How to train a classifier
I randomly select 20% of images for testing and others for training, and a linear SVM is used as classifier.
Sliding Window Search
For this SVM-based approach, I use three scales of the search window (96x96 288x288 and 640x640, see line 50).
For every window, the SVM classifier is used to predict whether it contains a UAV nor not. If yes, save this window (see
line 371 to 376 in svm_pipeline.py
). In the end, a list of windows contains detected UAVs are obtianed.
Create a heat map of detected UAVs
After obtained a list of windows which may contain UAVs, a function named generate_heatmap
(in line 492 in
svm_pipeline.py
) is used to generate a heatmap. Then a threshold is used to filter out the false positives.
Image vs Video implementation
For image, we could directly use the result from the filtered heatmap to create a bounding box of the detected UAV.
For video, we could further utilize neighbouring frames to filter out the false positives, as well as to smooth the position of bounding box.
- Accumulate the heatmap for N previous frame.
- Apply weights to N previous frames: smaller weights for older frames.

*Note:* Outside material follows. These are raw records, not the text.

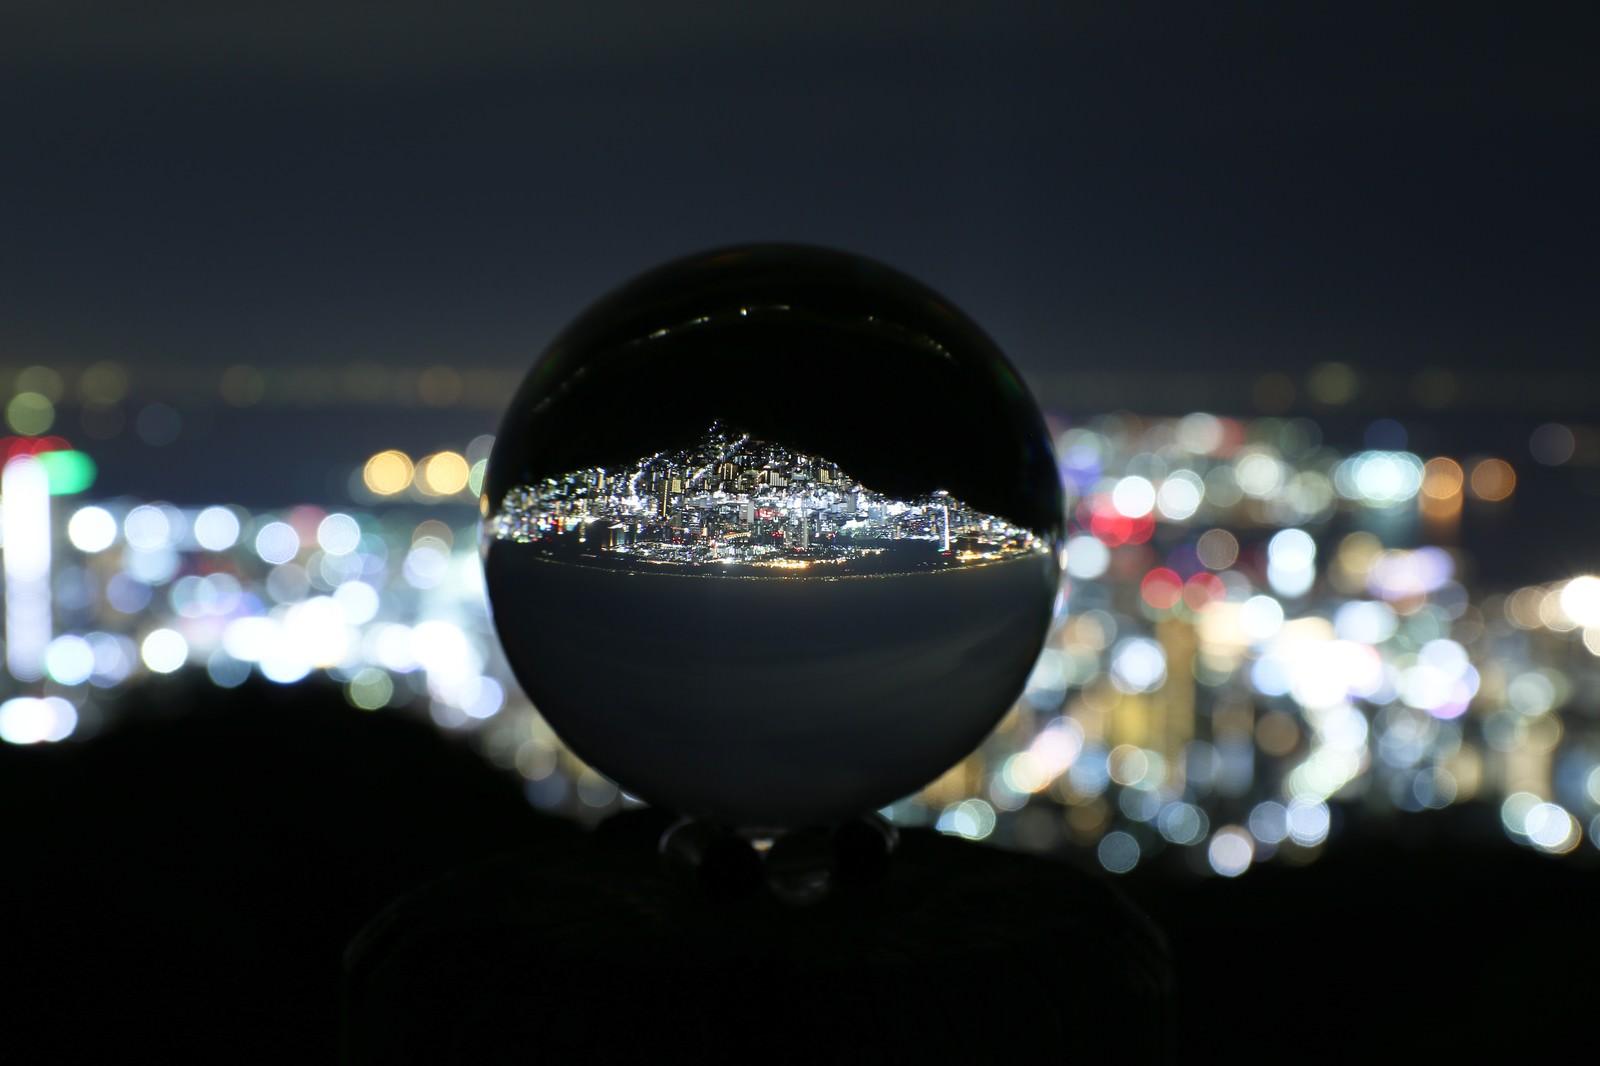 「ガラス玉に映る反転した夜景」の写真
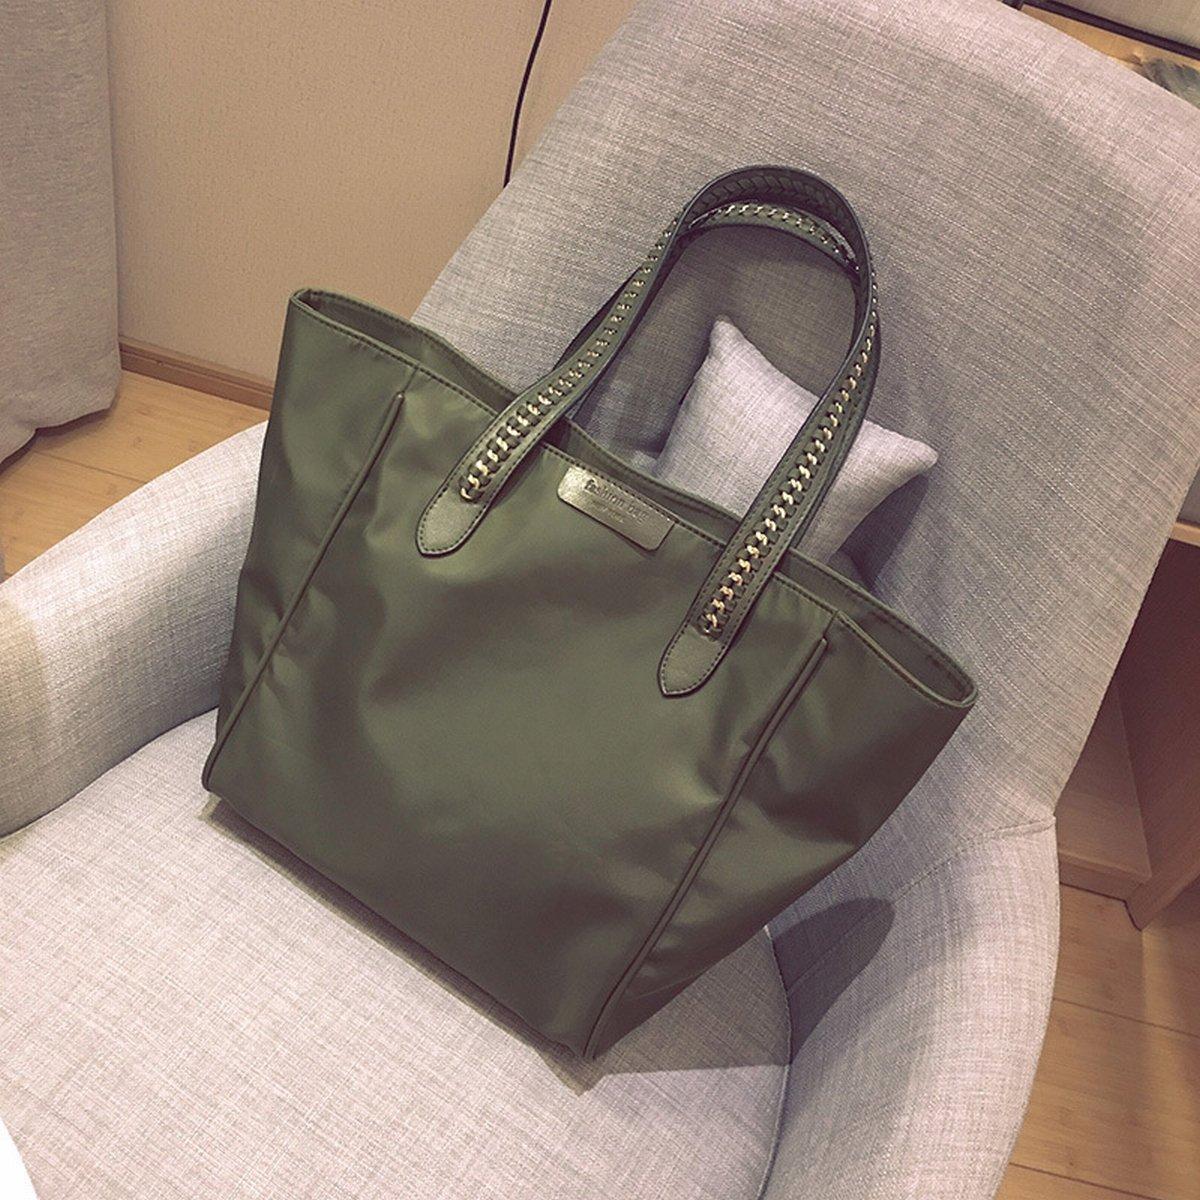 Kette bis fünf Äste von Petit Tasche aus Pappe Einfache Schnalle Umhängetasche Messenger Bag
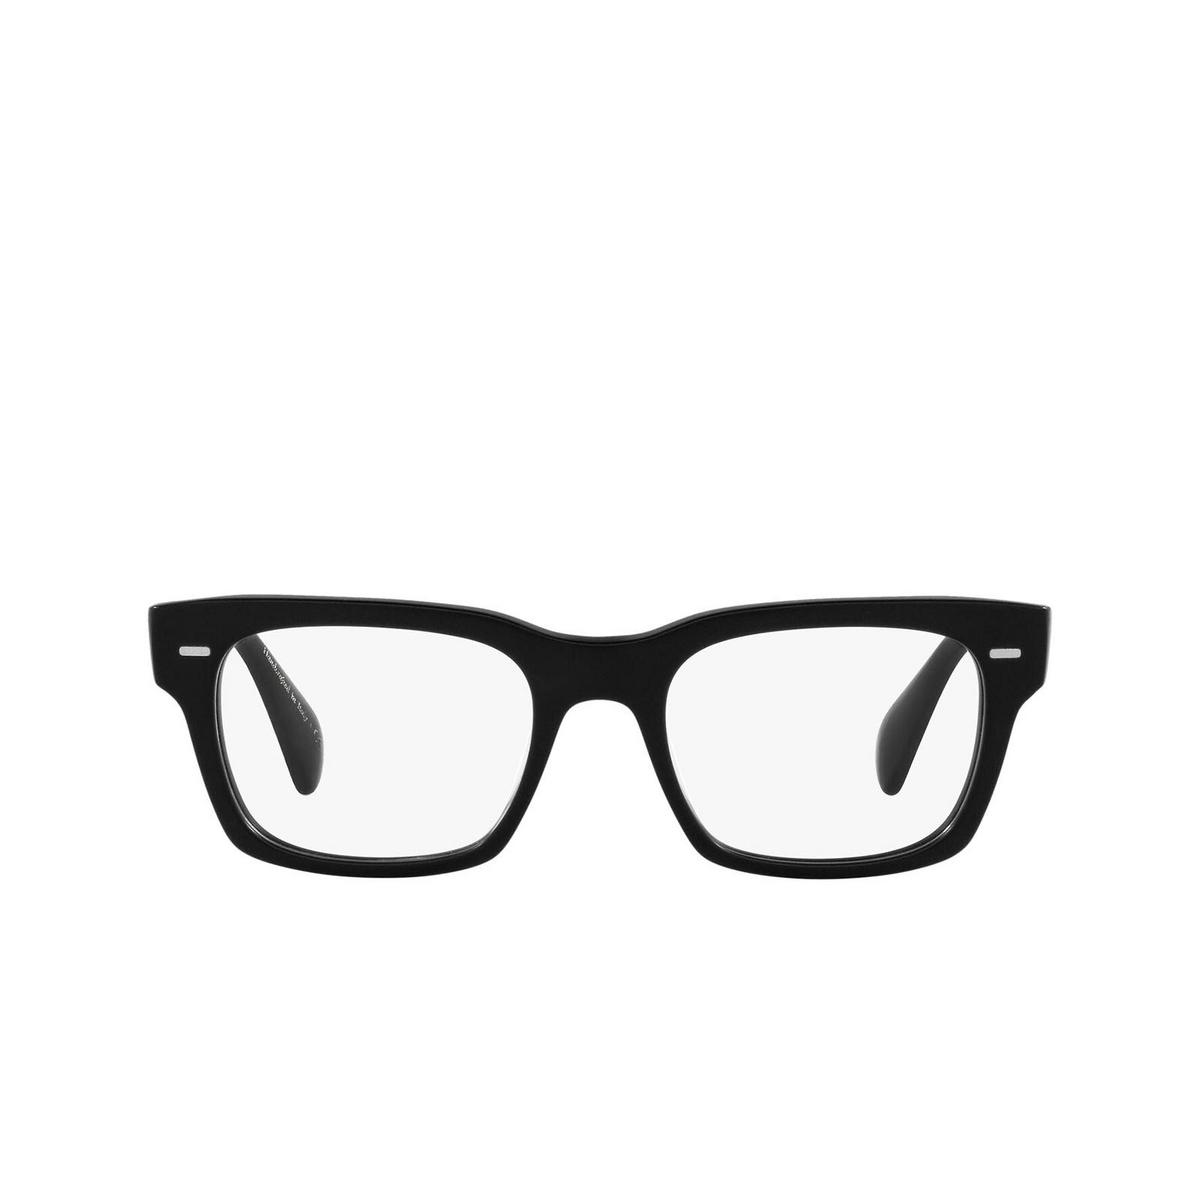 Oliver Peoples® Square Eyeglasses: Ryce OV5332U color Matte Black 1465 - front view.

- I then apply threshold and use
scipy.ndimage.measurements.label()
to identify individual blobs in the heatmap. - I then assume each blob corresponded to a UAV and constructe bounding boxes to cover the area of each blob detected.
Discussion
Obviously, our method does not meet the requirement of real-time due to the fact of sliding window approach is time consuming! We could use image downsampling, multi-threads, or GPU processing to improve the speed. But, there are probably a lot engineering work need to be done to make it running real-time.